"Federal Reserve researchers estimate "new construction would have had to increase by roughly 300% to absorb the pandemic-era surge in demand." Unlike housing demand, housing stock isn't as elastic and can't quickly ramp up. As a result, the heightened demand drained the market of active inventory and caused home prices to overheat, with U.S. home prices in June 2022 sitting a staggering 43.2% above March 2020 levels."
"Since that national boom ended in mid-2022, the housing market has been moving through a cyclical cooling phase and undergoing a period of recalibration and normalization after such a large burst. Look no further than the share of U.S. homes that sold below their original list price, by year, according to a new Redfin report: 2018 -> 62% 2019 -> 64% 2020 -> 55% 2021 -> 38% 2022 -> 42% 2023 -> 54% 2024 -> 58% 2025 -> 62%"

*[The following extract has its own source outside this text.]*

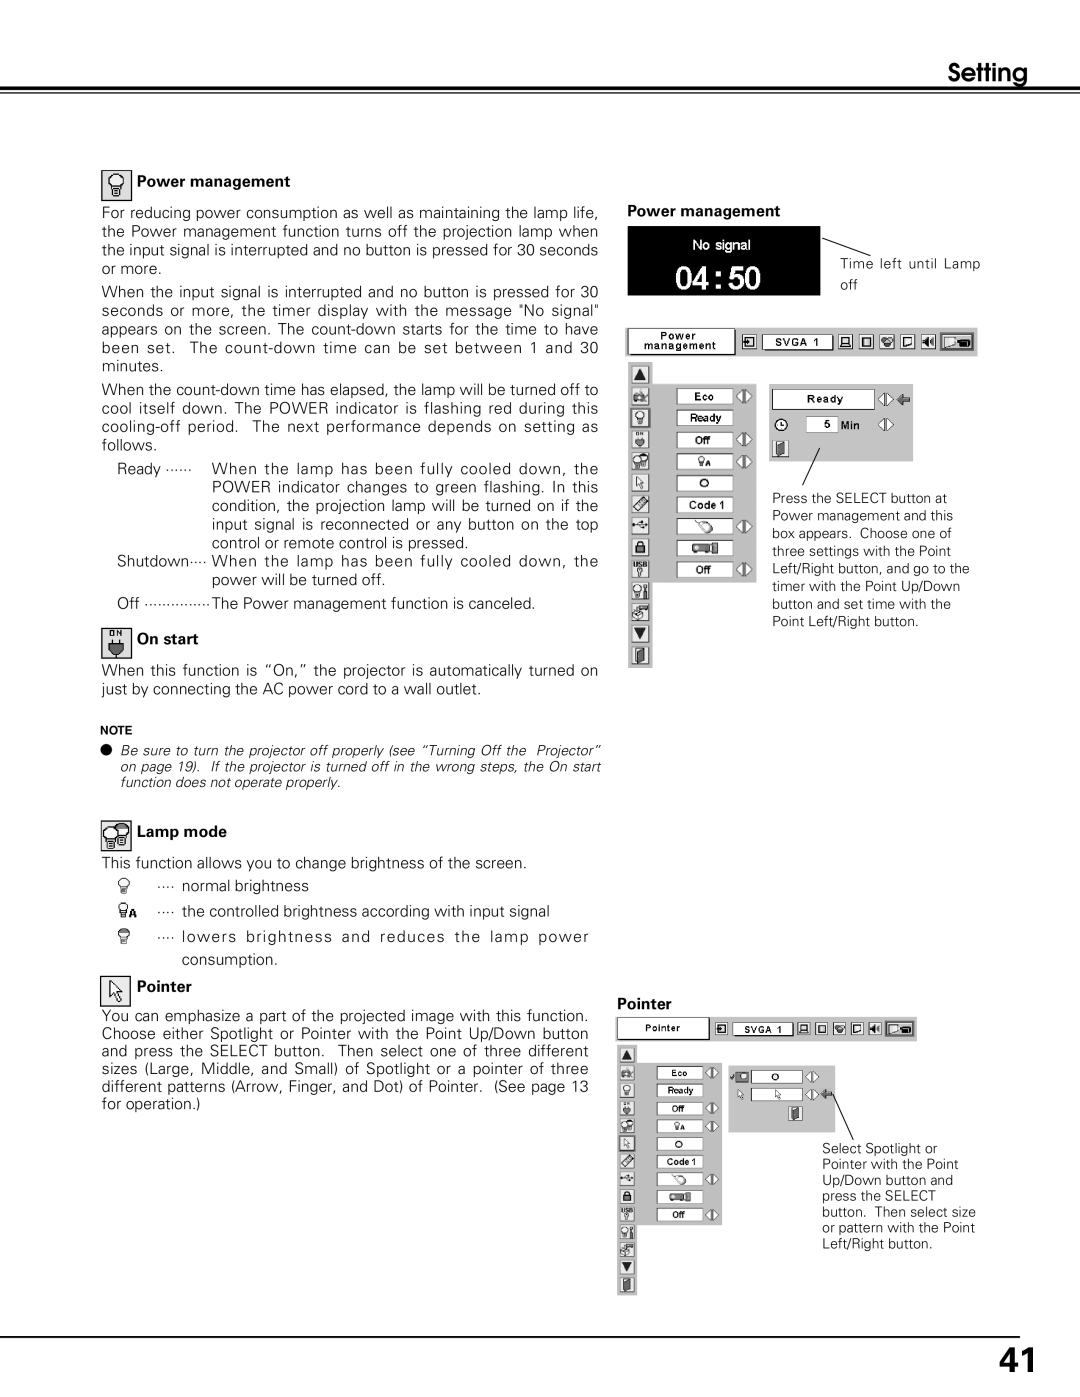 Black Box LC-XE10 instruction manual Setting, Power management, On start, Lamp mode, Pointer Pointer 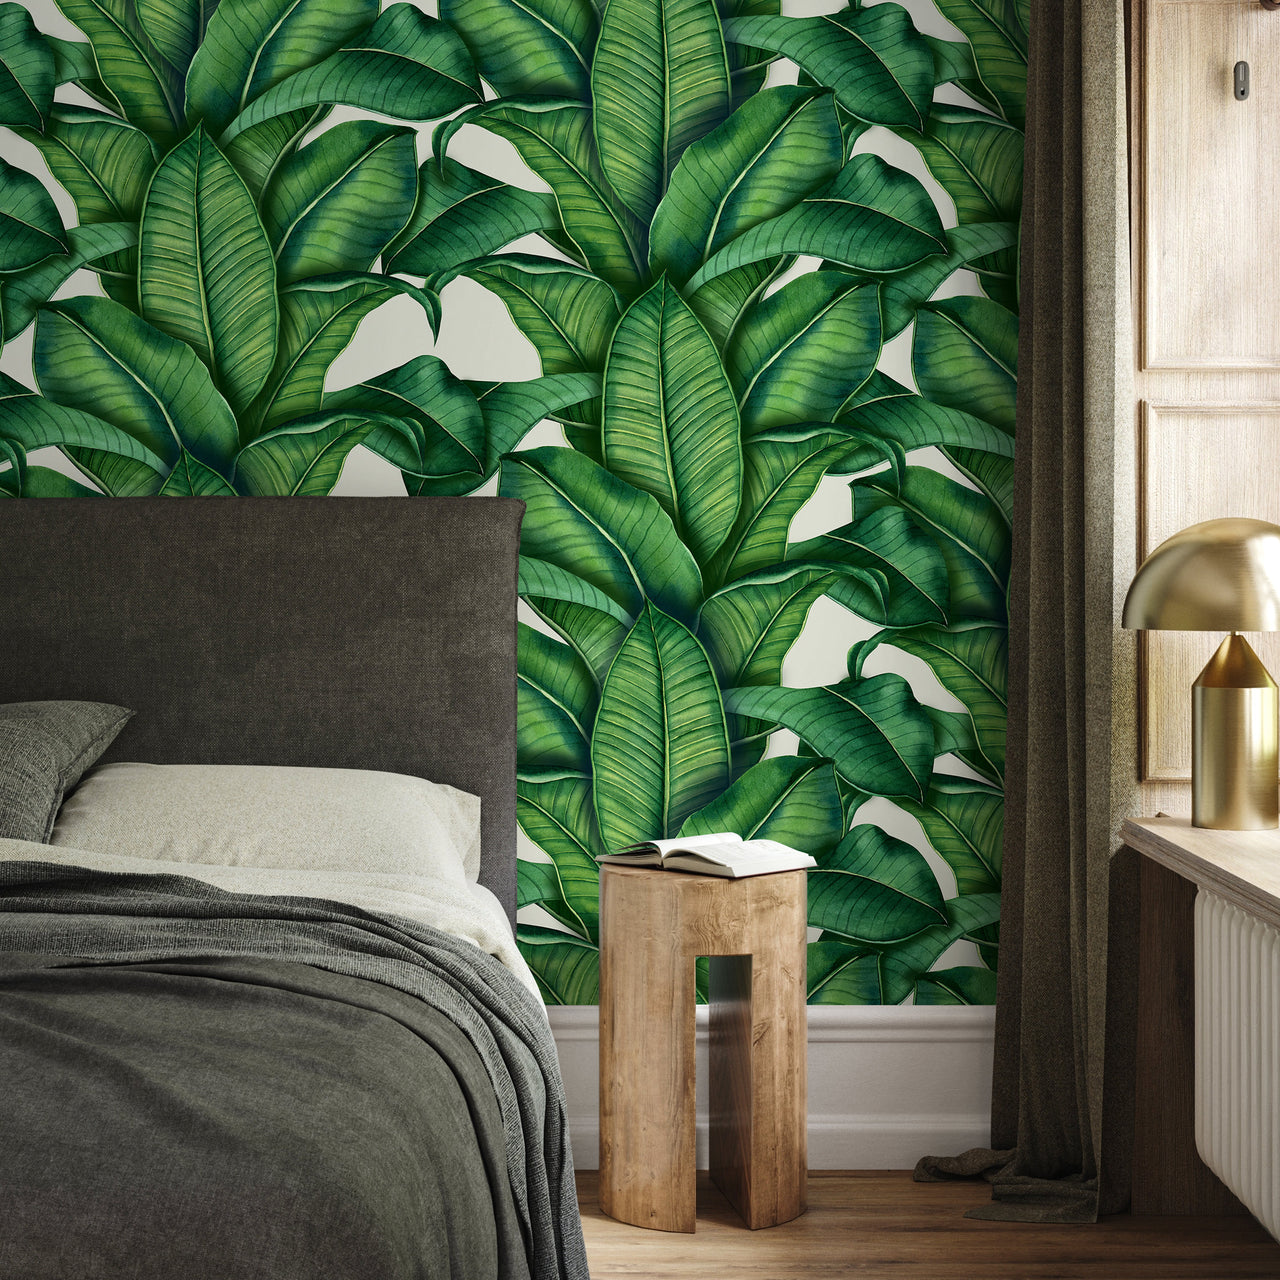 Wallpaper Peel and Stick Wallpaper Removable Wallpaper Home Decor Wall Art Wall Decor Room Decor / Tropical Banana Leaf Wallpaper - A256

Pandemic-era housing demand surged because of ultralow interest rates, fiscal stimulus, and expanded remote work. Federal Reserve researchers estimate new construction would have had to increase by roughly 300% to absorb the surge. Housing stock could not ramp up quickly, which drained active inventory and caused U.S. home prices to rise 43.2% by June 2022 versus March 2020. The national boom ended in mid-2022, leading to a cyclical cooling and market recalibration. Redfin data show the share of homes selling below original list price fell during the boom then rose to 62% in 2025. Regional differences persist, with Sun Belt markets seeing more below-list sales while many Northeast and Midwest metros remain comparatively resilient; parts of San Francisco and San Jose have shown renewed strength amid the AI boom.